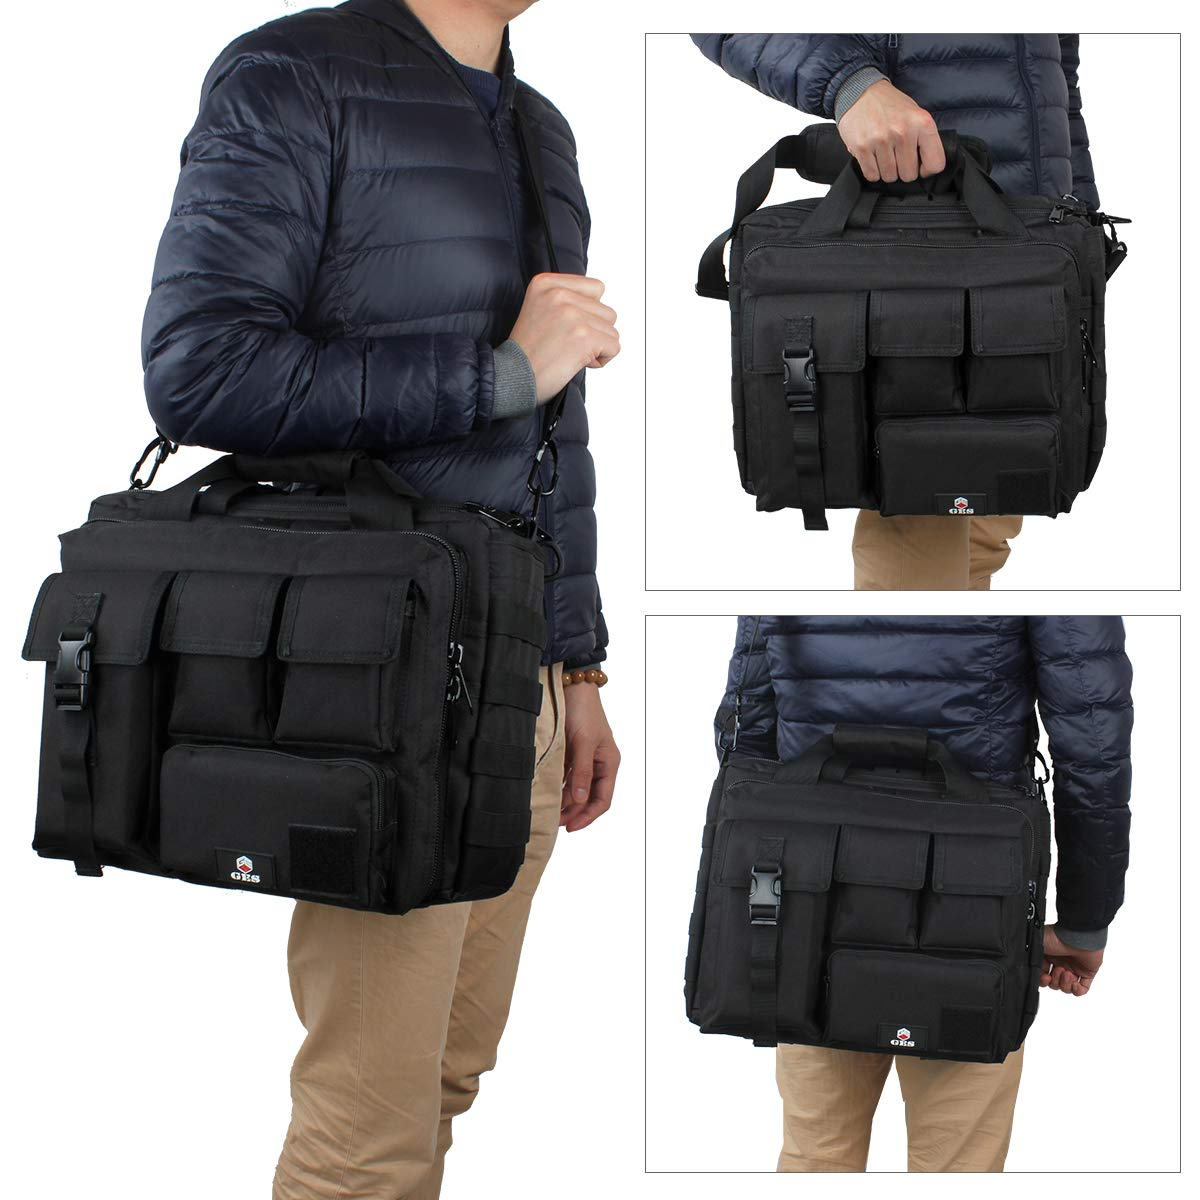 b5dcde849acf GES Laptop Bag - 15.6 Inch Men's Messenger Bag Multifunction ...
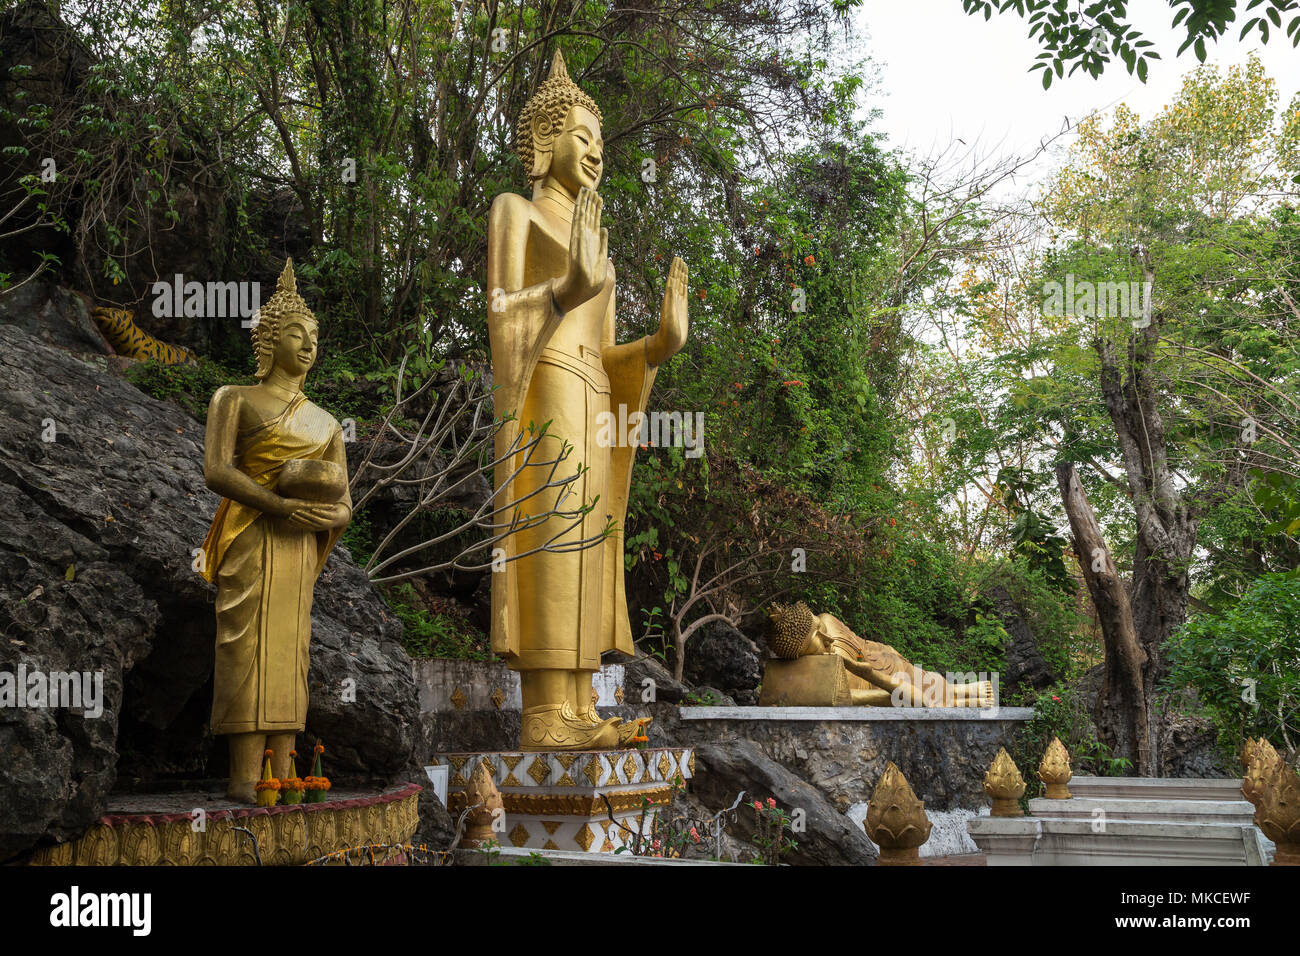 Three golden Buddha statues at the Mount Phousi (Phou Si, Phusi, Phu Si) in Luang Prabang, Laos. - Stock Image
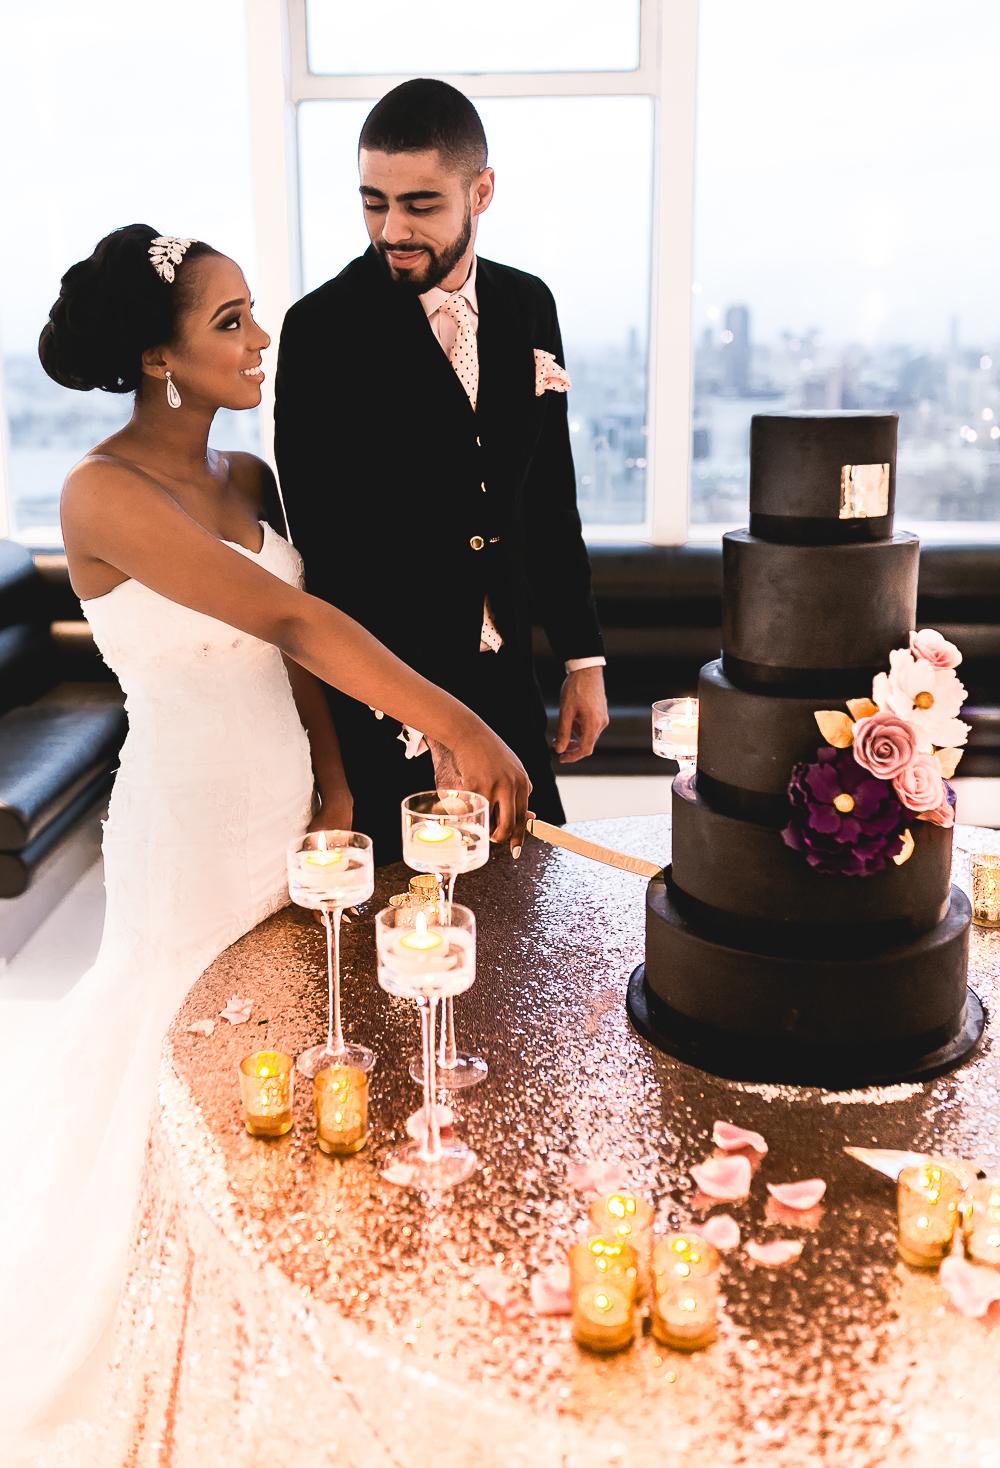 Francesca bodini wedding

REQUIREMENT:
Print the lines from the line with "Three golden Buddha" to the end of the data above. Include both ends, exclude the pictures, and add nothing else.

RESULT FOR THIS TASK:
 Three golden Buddha statues at the Mount Phousi (Phou Si, Phusi, Phu Si) in Luang Prabang, Laos. - Stock Image
 Francesca bodini wedding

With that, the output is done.